Berbeda dengan Adi Hidayat yang juga merupakan penceramah mengatakan bahwa jilbab sudah ada perintahnya dalam Al-Qur'an. "Hai Nabi, katakanlah kepada isteri-isterimu, anak-anak perempuanmu dan isteri-isteri orang mukmin: Hendaklah mereka mengulurkan jilbabnya ke seluruh tubuh mereka. Yang demikian itu supaya mereka lebih mudah untuk dikenal, karena itu mereka tidak di ganggu. Dan Allah adalah Maha Pengampun lagi Maha Penyayang." (QS. Al-Ahzab: 59).Â
Jadi menurutnya tidak perlu didengarkan pendapat orang yang mengatakan jilbab itu tidak wajib, yang penting berpakaian terhormat. Kalau itu didengarkan terus menerus jangan sampai berperilaku seperti apa yang disampaikannya yaitu tidak menggunakan jilbab. Selanjutnya Ia menerangkan perbandingan orang-orang kafir dengan munafik. Orang kafir mencela syariat Islam itu wajar karena mereka kafir bukan Islam. Sedangkan orang munafik (Islam) mencela syariat Islam itu tidak wajar. Ancamannya adalah orang-orang munafik akan lebih dahulu dilemparkan ke dalam api neraka.
Dua tokoh agama di atas memiliki dua pandangan yang berbeda tentang jilbab, baik itu dari segi hukum maupun argumentasi. Perbedaan itu tentunya lumrah terjadi dalam paham keagamaan. Maka olehnya, penting untuk mengetahui apa sebenarnya substansi dari berjilbab. Tidak cukup hanya mengetahui ayat-ayat Allah tentang jilbab tapi harus menggali makna mendalam.Â
Kalau perintah jilbab hanya dilihat dari teks maka tidak akan capai pada yang namanya hakikat. Salah satu kegunaan jilbab ialah menjaga kehormatan perempuan. Sehingga perempuan yang berjilbab dengan penuh kesadaran maka akan terhindar dari yang namanya perbuatan zina.

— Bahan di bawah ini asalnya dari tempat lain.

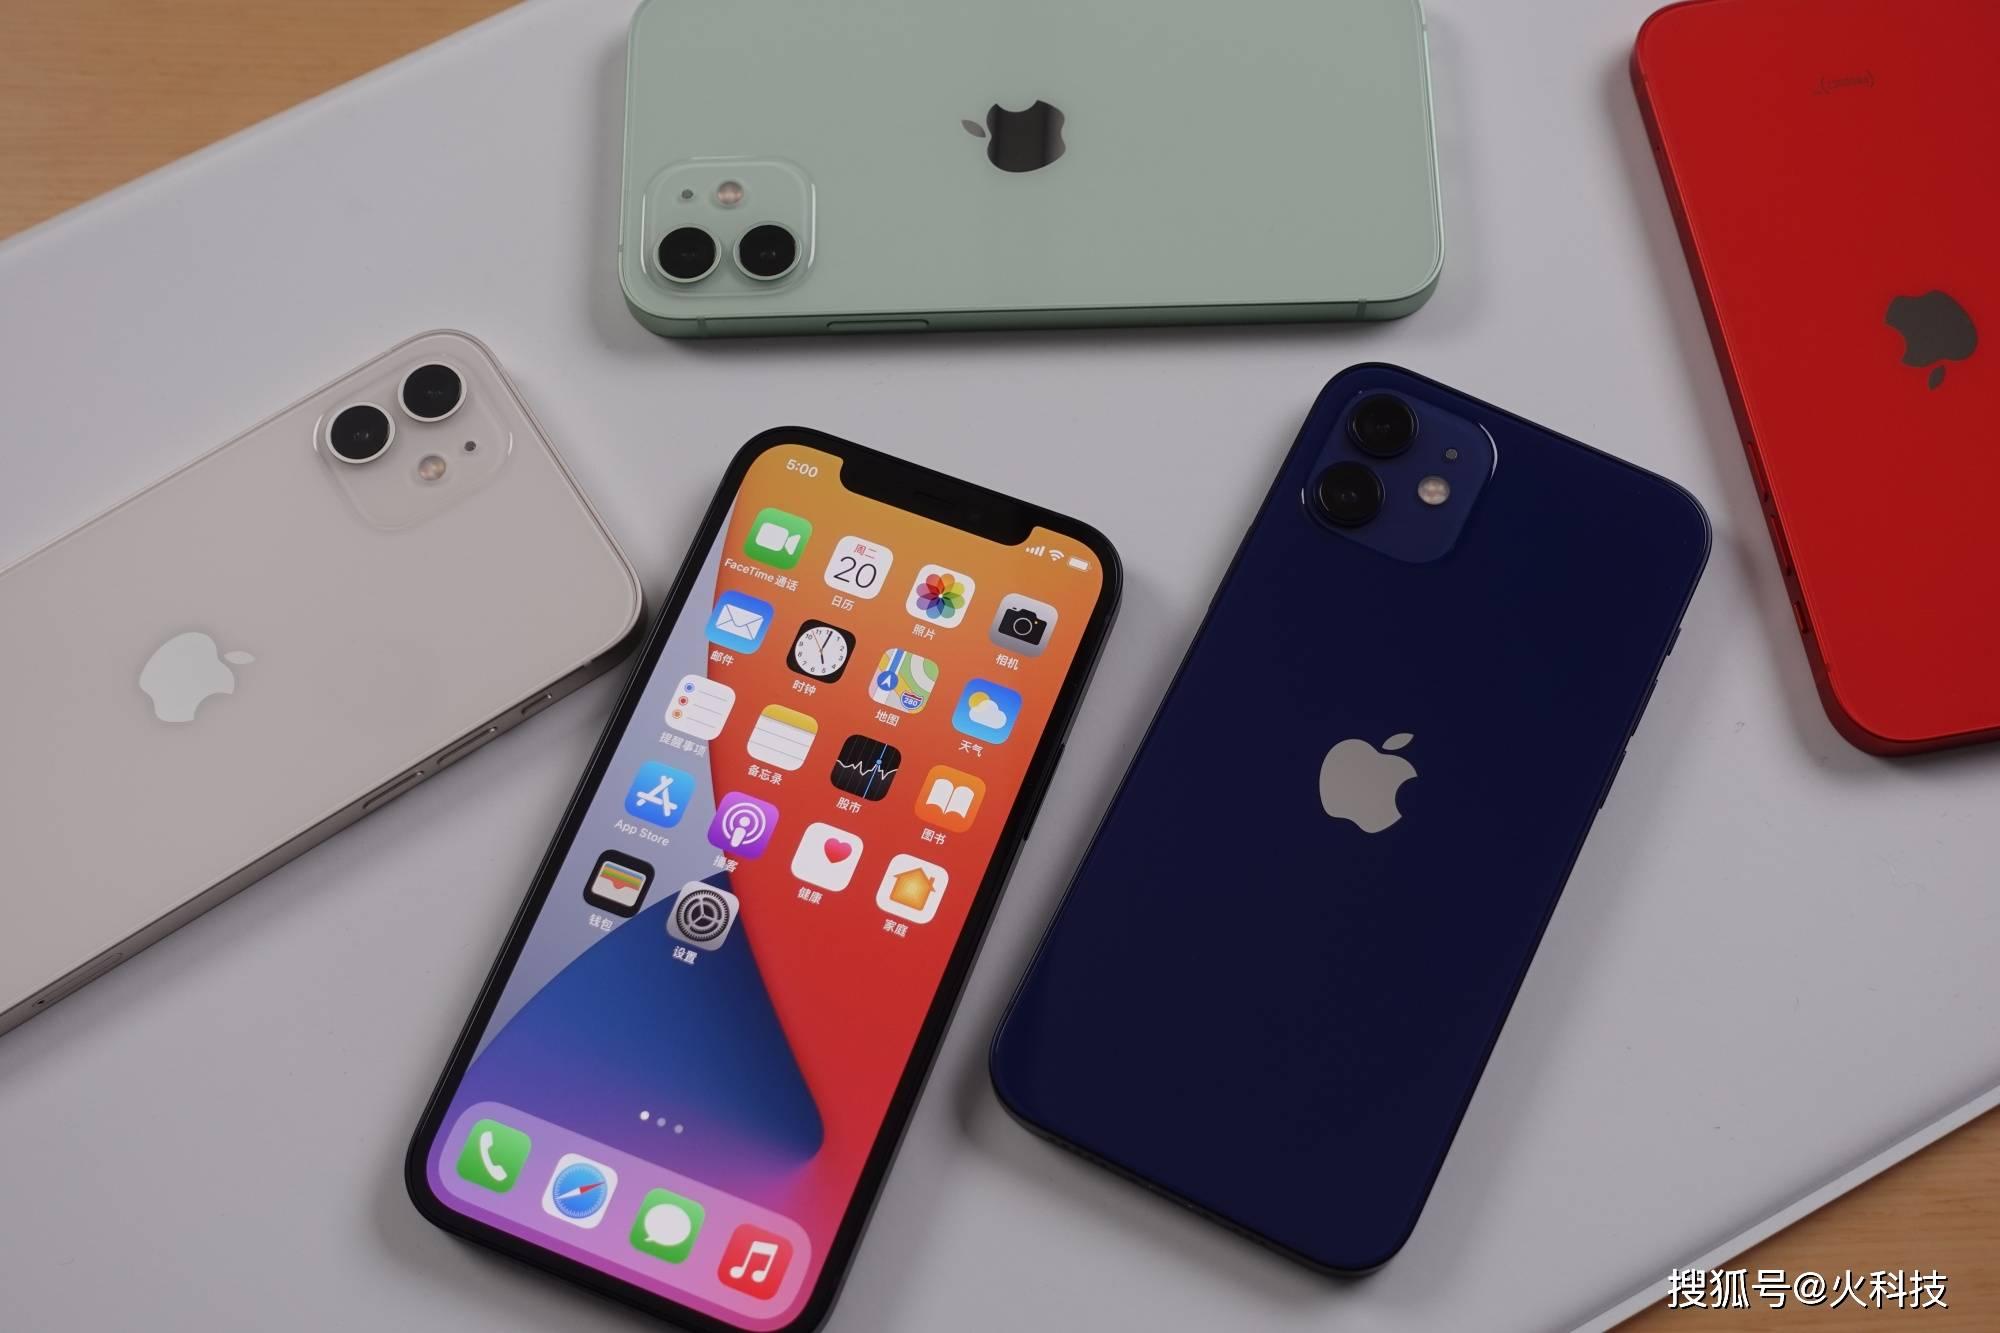 苹果和华为手机才是大部分人的第一选择,华为苹果最值得4款手机
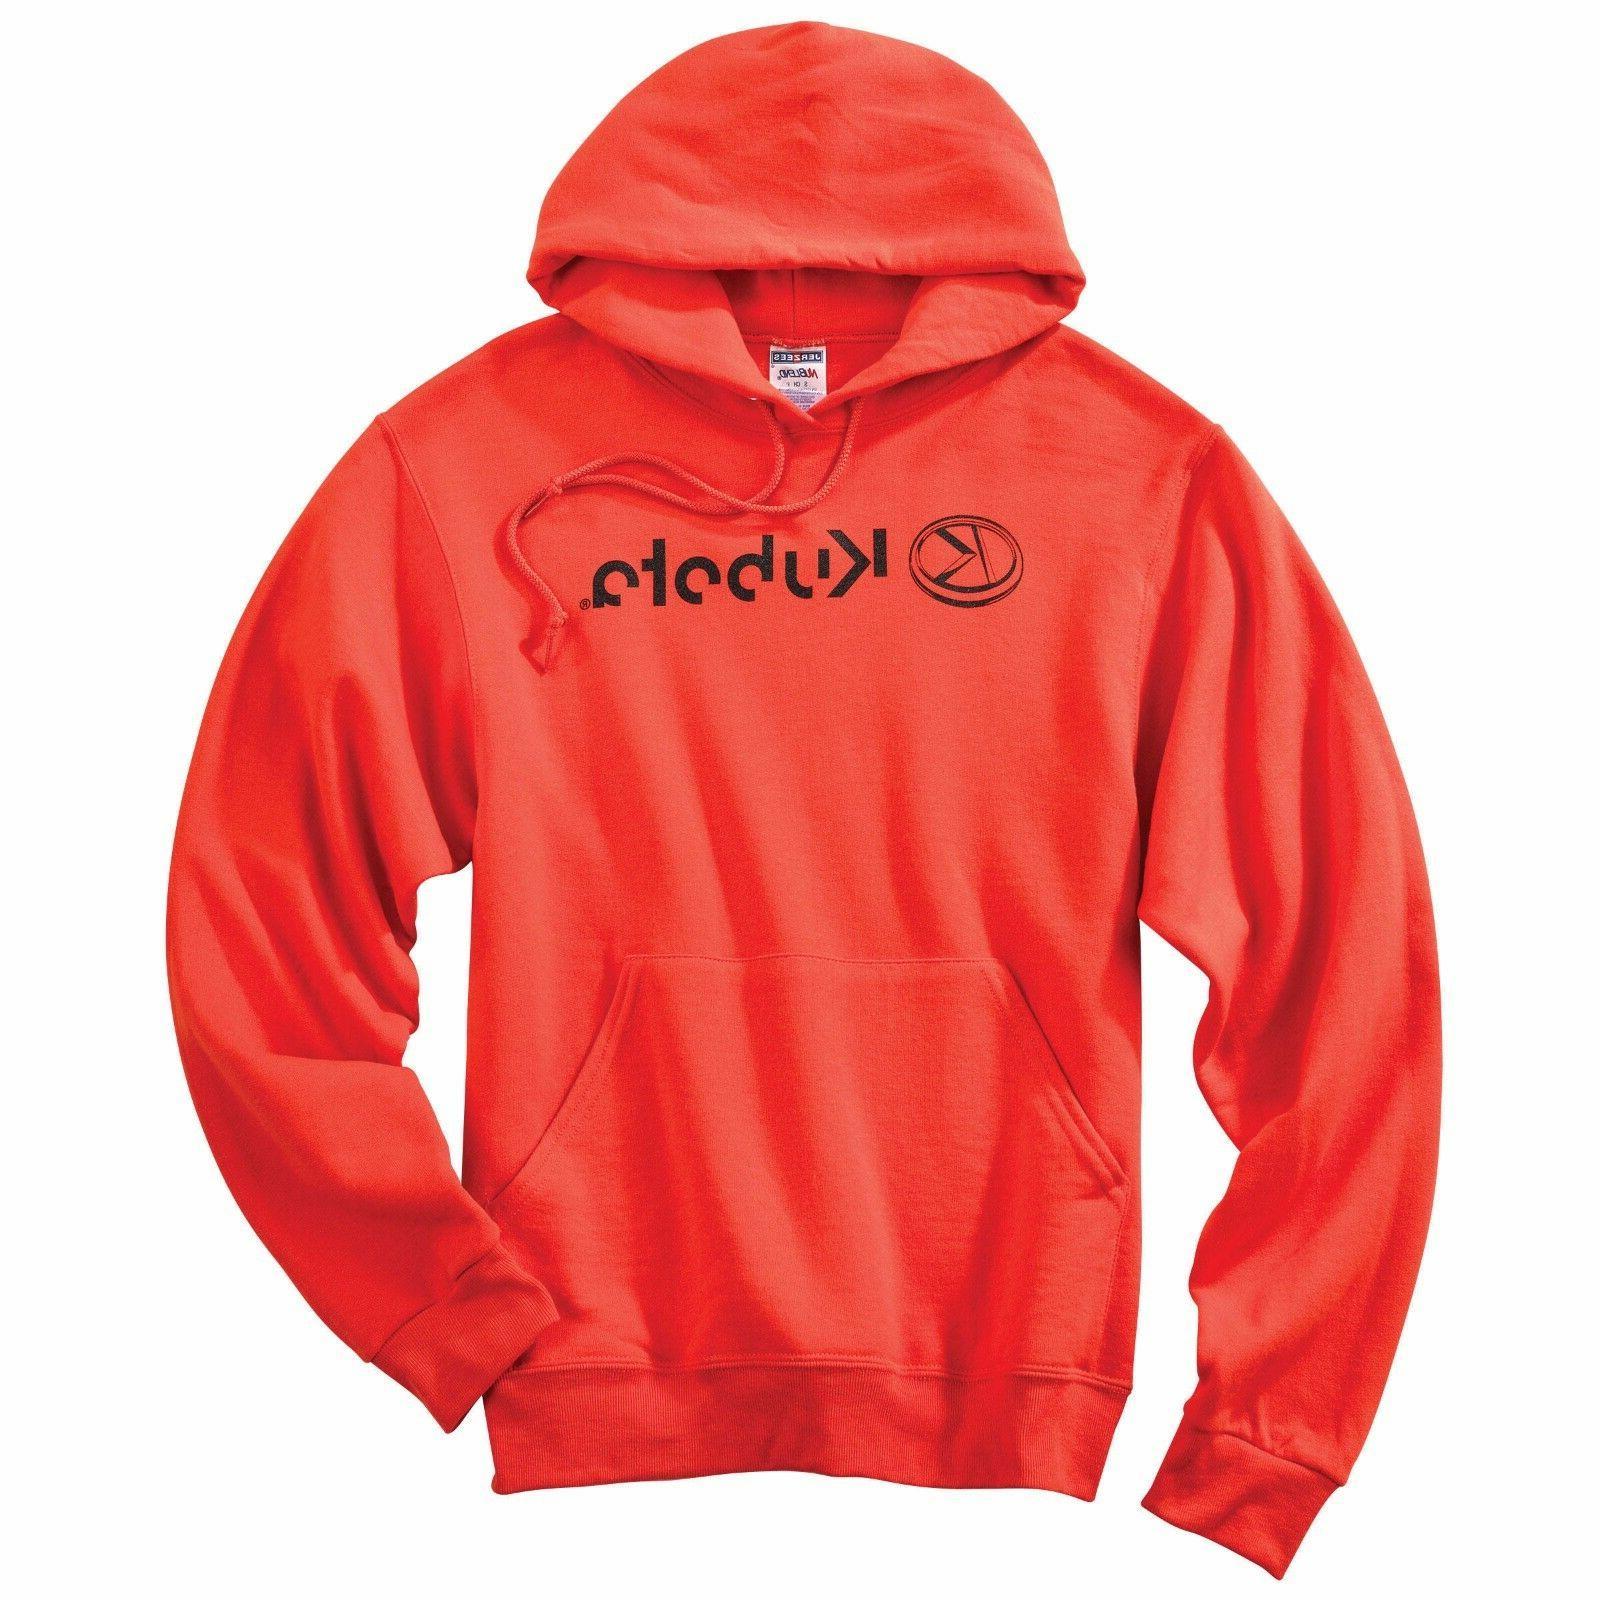 KUBOTA EQUIPMENT *ORANGE* Trademark Logo HOODIE SWEATSHIRT *

Berbeda halnya dengan perempuan yang tidak sampai pada hakikat berjilbab, menurutnya hanya sekedar menutup rambut dan bagian tubuh lainnya. Sebab ada moralitas yang harus dijaga oleh pengguna jilbab. Sehingga sedapat mungkin terhindar dari perilaku amoral.
Relasi Ekonomi dengan Budaya Jilbab
Dalam masyarakat Islam selain perdebatan hukum jilbab ternyata problemnya lebih mengerucut lagi yaitu soal model jilbab. Kita mendengar ada istilah atau penamaan jilbab syar'i dan non syar'i. Dimana letak perbedaannya? Perbedaan keduanya sangat signifikan. Kalau model jilbab syar'i yakni busana yang dikenakan perempuan dengan ukuran besar dan panjang serta menutupi hampir keseluruhan bagian tubuh terkecuali wajah dan telapak tangan. Sedangkan yang non syar'i adalah busananya berukuran lebih pendek dan minimal menutup rambut kepala.
Budaya model jilbab yang berbeda tersebut menjadi referensi bagi pelaku ekonomi dengan memproduksi model jilbab baik syar'i maupun non syar'i. Sehingga untuk mengetahui perbedaannya, dapat kita lihat di toko jilbab. Atau juga bisa kita temui di lingkungan keluarga, masyarakat, tempat kerja dan sebagainya.